▸ Action item
Every line holding the string "Arena" is to be copied from the entries below.

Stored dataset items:
____________________
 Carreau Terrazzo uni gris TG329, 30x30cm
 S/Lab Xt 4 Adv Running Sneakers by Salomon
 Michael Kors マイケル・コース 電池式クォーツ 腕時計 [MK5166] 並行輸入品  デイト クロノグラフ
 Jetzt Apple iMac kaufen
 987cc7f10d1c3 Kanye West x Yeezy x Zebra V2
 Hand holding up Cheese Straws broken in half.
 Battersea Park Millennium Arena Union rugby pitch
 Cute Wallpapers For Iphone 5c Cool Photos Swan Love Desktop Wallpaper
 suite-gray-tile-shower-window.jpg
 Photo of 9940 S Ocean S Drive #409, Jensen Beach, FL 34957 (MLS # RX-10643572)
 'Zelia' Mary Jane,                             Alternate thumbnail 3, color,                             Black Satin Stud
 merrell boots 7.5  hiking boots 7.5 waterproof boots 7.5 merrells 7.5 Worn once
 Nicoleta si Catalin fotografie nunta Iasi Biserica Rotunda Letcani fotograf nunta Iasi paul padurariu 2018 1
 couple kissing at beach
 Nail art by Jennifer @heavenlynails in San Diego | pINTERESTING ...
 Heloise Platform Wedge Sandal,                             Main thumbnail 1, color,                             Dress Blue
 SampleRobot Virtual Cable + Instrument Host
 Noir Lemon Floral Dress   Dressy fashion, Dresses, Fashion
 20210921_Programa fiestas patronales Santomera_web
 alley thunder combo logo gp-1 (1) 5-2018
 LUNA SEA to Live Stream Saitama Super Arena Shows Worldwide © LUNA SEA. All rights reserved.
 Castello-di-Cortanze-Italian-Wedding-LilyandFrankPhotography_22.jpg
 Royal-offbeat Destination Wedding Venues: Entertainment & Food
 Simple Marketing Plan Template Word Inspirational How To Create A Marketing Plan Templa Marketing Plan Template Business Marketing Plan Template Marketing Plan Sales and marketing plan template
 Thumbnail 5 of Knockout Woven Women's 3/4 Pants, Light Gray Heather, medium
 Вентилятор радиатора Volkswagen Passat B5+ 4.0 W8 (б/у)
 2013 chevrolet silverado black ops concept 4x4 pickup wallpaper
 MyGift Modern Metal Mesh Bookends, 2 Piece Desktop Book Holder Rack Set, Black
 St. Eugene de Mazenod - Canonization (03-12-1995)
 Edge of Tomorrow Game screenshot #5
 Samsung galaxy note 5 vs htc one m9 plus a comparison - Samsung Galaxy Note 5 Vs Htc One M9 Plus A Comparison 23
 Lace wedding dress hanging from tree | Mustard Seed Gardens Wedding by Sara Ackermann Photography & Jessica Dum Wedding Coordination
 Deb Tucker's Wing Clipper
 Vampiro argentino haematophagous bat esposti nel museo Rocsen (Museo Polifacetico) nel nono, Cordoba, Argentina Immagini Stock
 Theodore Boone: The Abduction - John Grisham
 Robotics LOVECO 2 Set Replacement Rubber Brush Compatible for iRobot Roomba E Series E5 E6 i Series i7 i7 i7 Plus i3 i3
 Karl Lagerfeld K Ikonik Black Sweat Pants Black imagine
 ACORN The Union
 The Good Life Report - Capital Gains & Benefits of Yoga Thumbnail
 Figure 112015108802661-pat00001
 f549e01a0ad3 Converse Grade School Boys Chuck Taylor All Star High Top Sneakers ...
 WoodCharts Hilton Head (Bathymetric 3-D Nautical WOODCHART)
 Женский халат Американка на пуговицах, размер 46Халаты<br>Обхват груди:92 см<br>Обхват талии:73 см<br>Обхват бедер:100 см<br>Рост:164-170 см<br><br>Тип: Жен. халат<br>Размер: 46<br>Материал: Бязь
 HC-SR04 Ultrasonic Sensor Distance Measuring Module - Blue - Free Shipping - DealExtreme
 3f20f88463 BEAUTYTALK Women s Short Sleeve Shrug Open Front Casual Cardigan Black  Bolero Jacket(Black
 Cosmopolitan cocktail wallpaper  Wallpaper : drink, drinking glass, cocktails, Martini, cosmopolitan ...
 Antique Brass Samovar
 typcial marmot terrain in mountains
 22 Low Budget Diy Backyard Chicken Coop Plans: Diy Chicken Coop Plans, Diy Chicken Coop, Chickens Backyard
____________________
▸ Your solution
 Battersea Park Millennium Arena Union rugby pitch
 LUNA SEA to Live Stream Saitama Super Arena Shows Worldwide © LUNA SEA. All rights reserved.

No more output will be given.